In 1978 Durdynets was appointed as a deputy and in 1982 he became the first deputy Minister of Internal Affairs of Ukraine, holding the post until February 1991. In March 1990 he was elected as a parliamentary to the Verkhovna Rada (first convocation) as member of the Communist Party of the Soviet Union winning the 230th electoral district in Bobrynets, Kirovohrad Oblast. At the first (12th) convocation, Durdynets headed the parliamentary commission on matters of defense and state security and was a non-affiliated member of parliament. Since 29 January 1992 in Verkhovna Rada Durdynets served as vice-speaker (first deputy head).

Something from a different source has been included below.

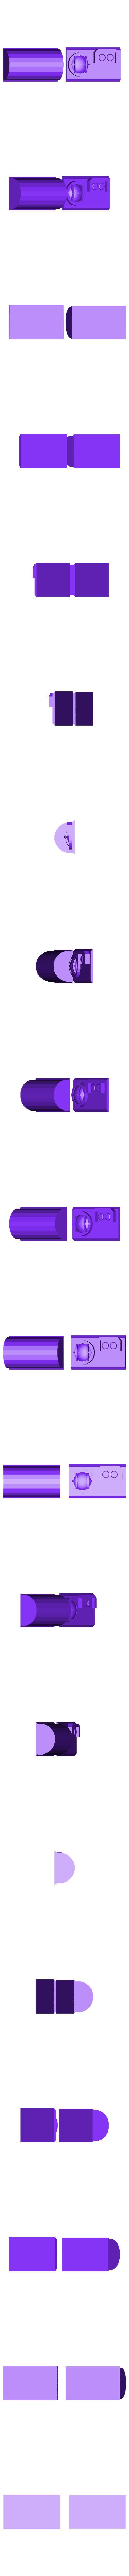 Body_Light_and_Sensor_array.stl Download free STL file Interstellar Army - Quad Mortar and Quad Cannon • 3D printing model, Cikkirock
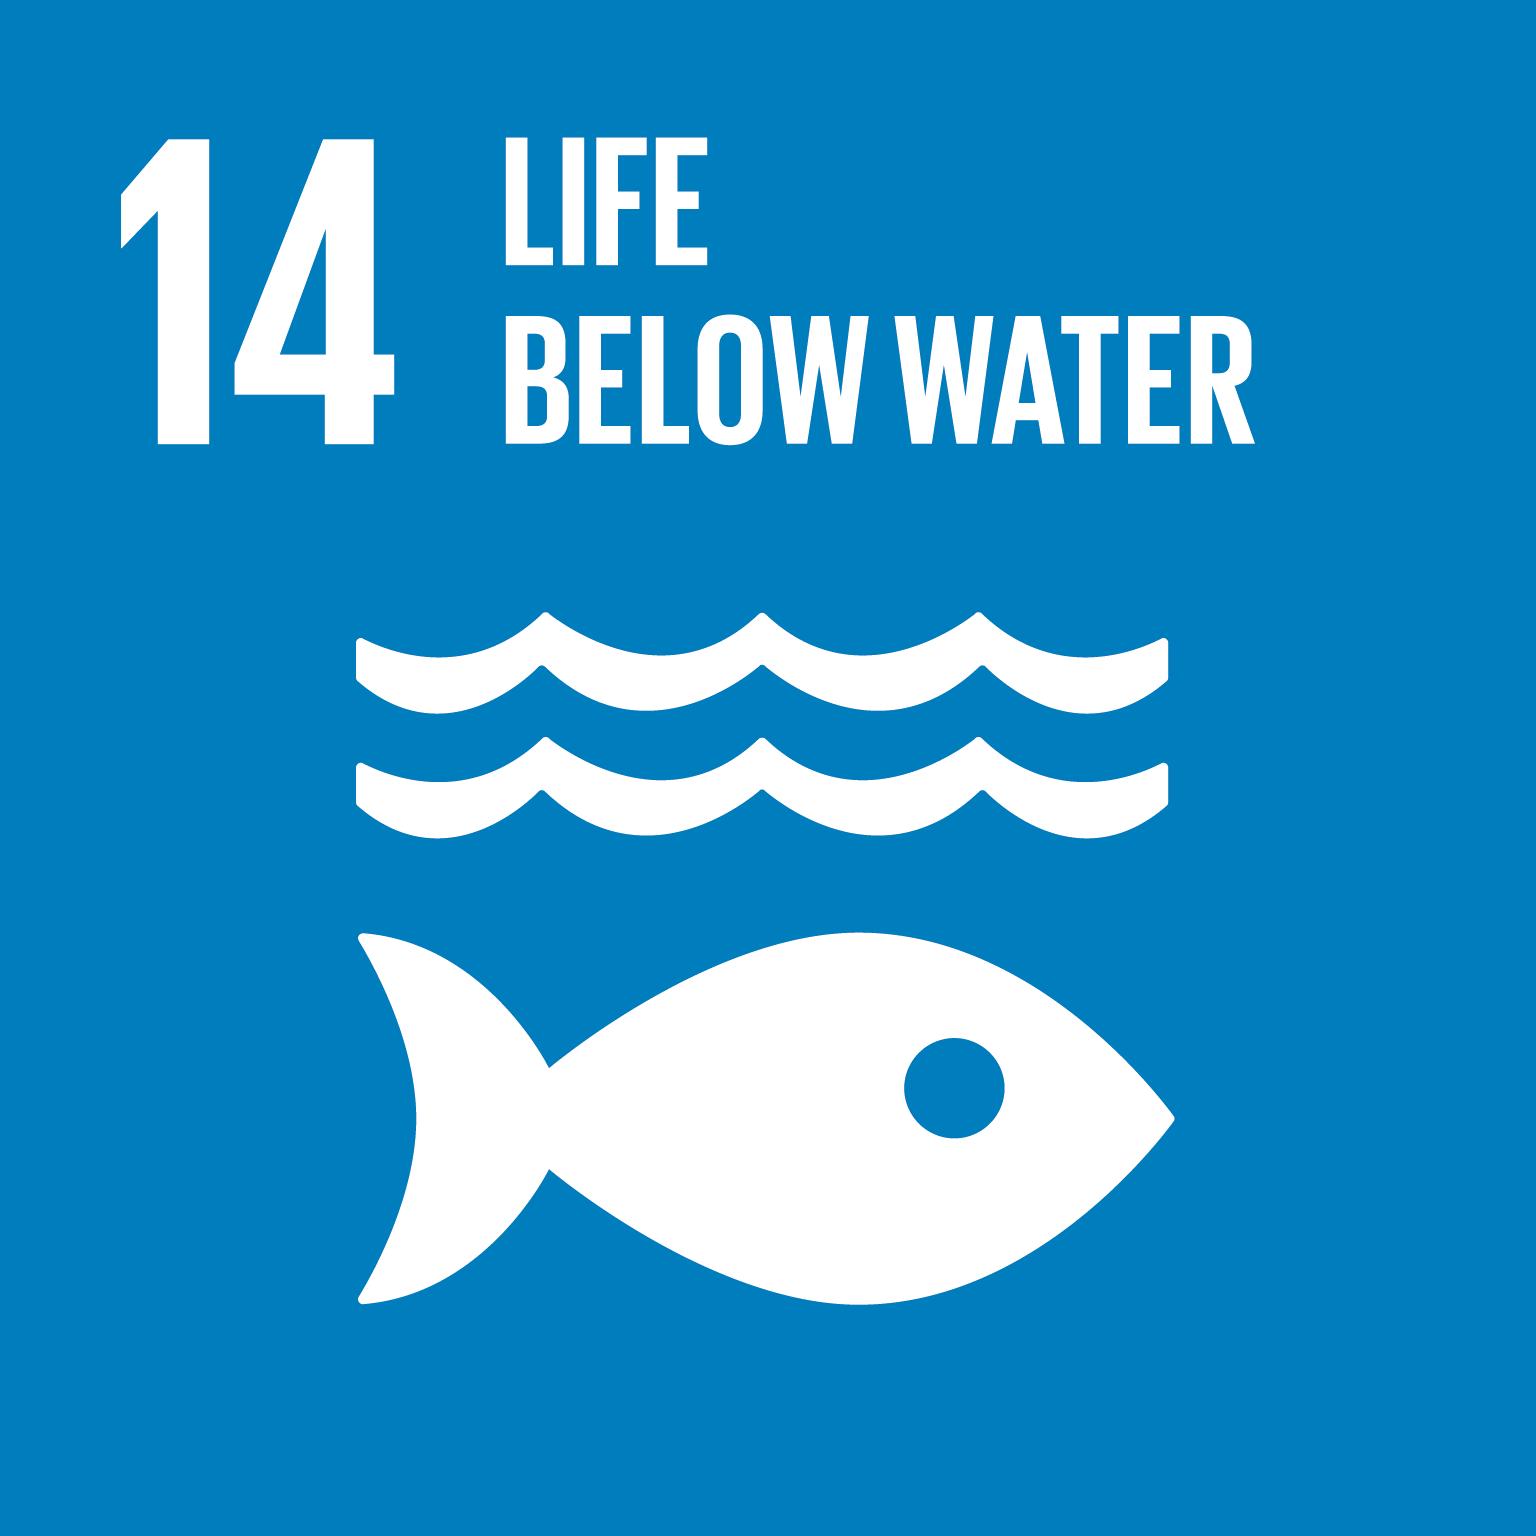 SDG Goal #14 Life Below Water

To the next convocation Durdynets was reelected as non-affiliated at the 229th electoral district in the same city. At the second convocation Durdynets was a leader of deputy group "Center" and the parliamentary commission on fight with organized crime and corruption. Simultaneously he also served as the first deputy chairman of the Presidential coordination committee in fight with corruption and organized crime.

In July 1995 he rose to the position of Vice-Prime Minister in State Security and Extraordinary Situations and the chairman of Presidential Committee in fight of corruption and organized crime. The following year he became first Vice-Prime Minister (18 June 1996) in the Cabinet of the scandalous Pavlo Lazarenko. After serving a brief term as an acting Prime Minister, he was dismissed and appointed the director of the country's National Investigation Bureau (30 July 1997), while continuing to serve as the chairman of Presidential Committee in fight of corruption and organized crime. In 1996 Durdynets became an initiator in creating of the Ministry of Emergencies and matters of population security from consequences of the Chernobyl Disaster. Since 22 March 1999 he served as a Minister of Extraordinary Situations .

Since 1997 Vasyl Durdynets was promoted to the rank of a general of Internal Affairs Service of Ukraine.

In August 1997 he was admitted to the Council of National Security and Defense of Ukraine (RNBO). On 17 February 2000 he became a member of the government committee in the reformation of the agrarian sector and in the affairs of ecology and extraordinary situations.

In 2002 Durdynets unsuccessful ran for parliament in the 73rd electoral district in Zakarpattia Oblast as non-affiliated politician.

His state's awards include 5th and 4th Classes of the Order of Prince Yaroslav the Wise, 3rd Class of the Order of Merit, Order of the Red Banner of Labour, Order of the Badge of Honour, Order for Personal Courage, and Personal Firing Weapon.

On 25 April 2011 the President of Ukraine Viktor Yanukovych awarded Durdynets the "Distinguished Juror of Ukraine" as an advisor of the Ministry of Internal Affairs, a participant in the liquidation of consequences of Chernobyl disaster, and a general of Internal Service of Ukraine.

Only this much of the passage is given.